On Sat, 17 Aug 2019 04:12:41 +0200, Larry Finger wrote:
On 8/16/19 12:57 PM, Takashi Iwai wrote:
On Fri, 16 Aug 2019 17:53:23 +0200, Michal Suchánek wrote:
On Fri, 16 Aug 2019 16:50:53 +0200 Takashi Iwai <tiwai@suse.de> wrote:
You can manually do it without supplement tables. Remove firmware you don't want, lock it, done.
And how can a novice user know which firmware file, and more important,y which corresponding kernel-firmware-xxx package is required and which not? The manual inspection isn't always trivial.
That's where I see room for improvement. Providing commandline tool that does the inspection would be nice.
Yes, such a helper would be needed if we'd go for other than install-recommends. The modalias implementation was taken just because "it works now as-is".
Does not need to be integrated into the installer, either. It's not like a freshly installed system is supposed to be so tight on disk space that a few hundred MB extra firmware files won't fit.
I can't agree with that; a few hundreds MB is a few hundreds MB, not a nut. It's still huge.
And, comparing with other distros regarding this area (storage saving), I'm afraid that we are pretty much behind them.
That's where a firmware cleanup tool comes in. If space is a concern you can do it. If not you need not be bothered.
I think the "cleanup" approach is rather dangerous. It may remove too much if it doesn't know what is actually needed. For example, not all modules show the firmware information, and if we do get rid of all unneeded files, such hidden requirement might be gone unexpectedly. A manual package lock might work, but it's too ugly.

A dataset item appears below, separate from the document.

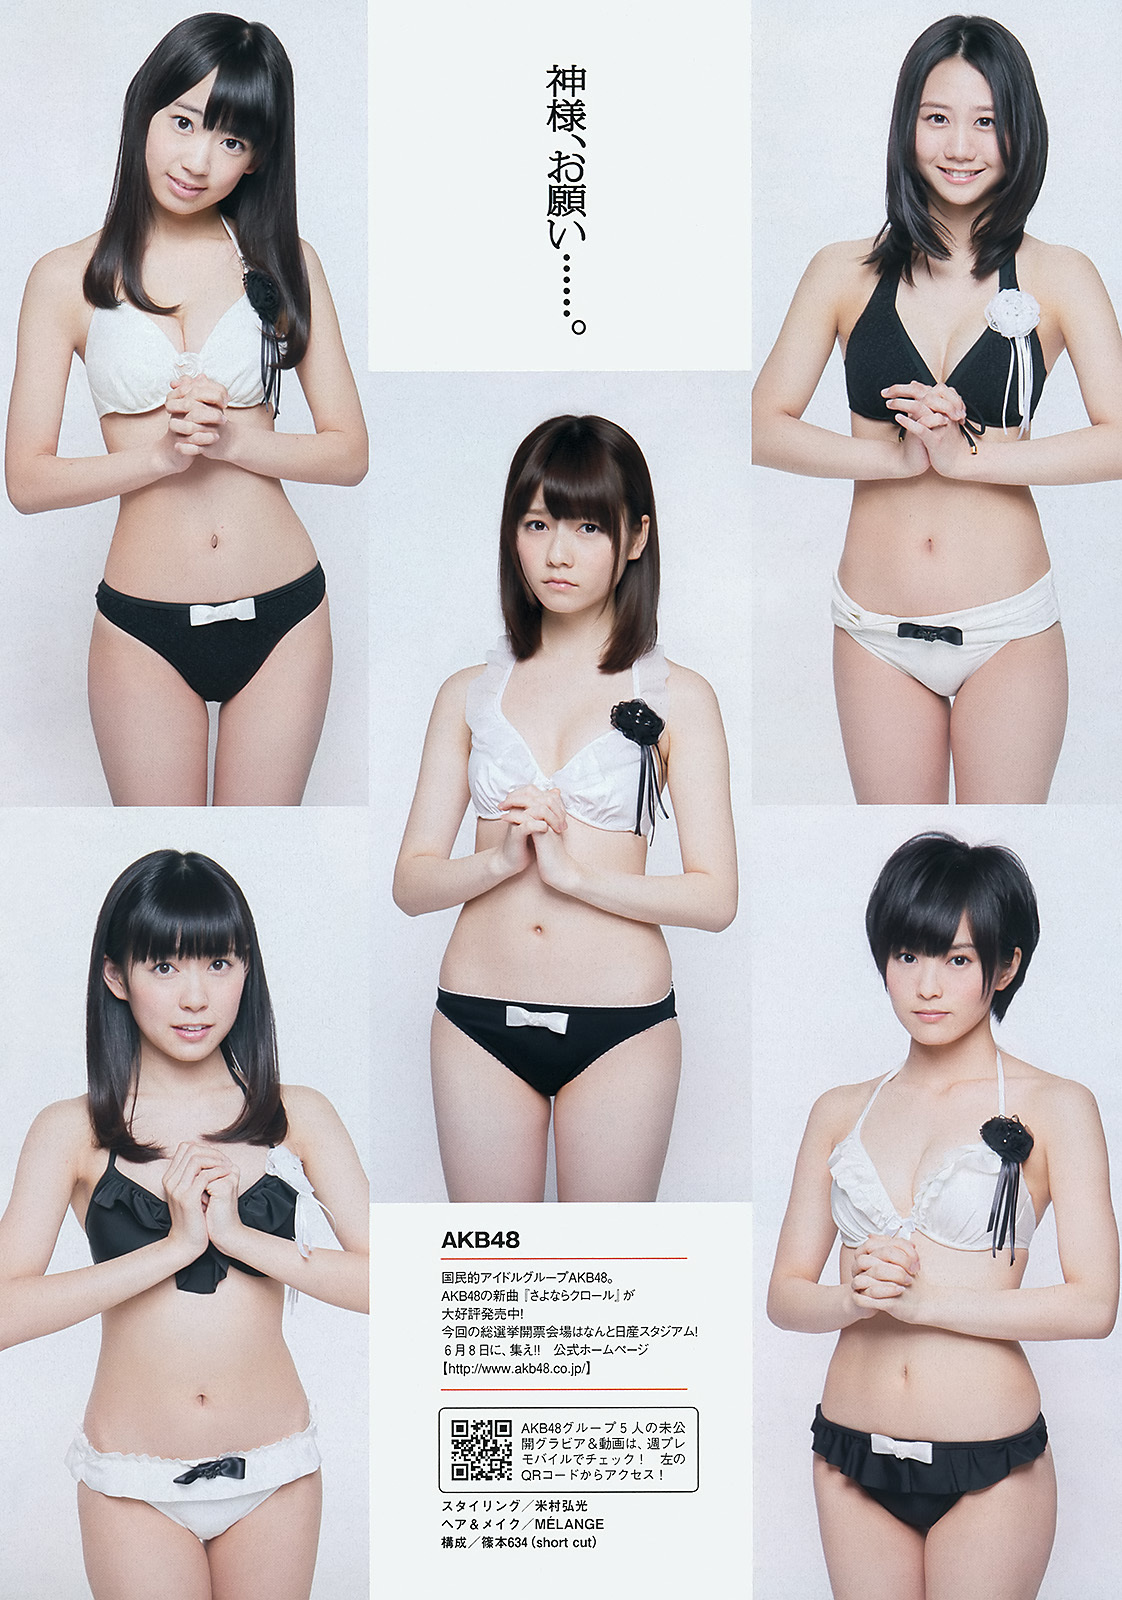 [weekly Playboy] No.24 Asaka Shimazaki Asahi saki

OTOH, the do-install-what-you-want approach won't remove anything unexpectedly. The drawback, of course, is that it might miss something. But you can install in addition manually but without lock.
It can be integrated into yast and whatnot if the interface is sane and there is user demand for the feature.
Right, the tooling is needed and it's missing. That's the reason I still keep the manual modalias in the new kernel-firmware package *FOR NOW*. That is, the modalias stuff may be dropped later once when other better way is provided.
Takashi,
How many packages are used for wifi firmware?
If this firmware is missing for a new wireless NIC, then recovery is not trivial.
The assertion made earlier was that modern, cheap USB wireless devices do not need external firmware. That does not match my experience. Of all the wireless devices that I have, only wireless G devices do not need external firmware, and I doubt that people are buying these for emergency backup.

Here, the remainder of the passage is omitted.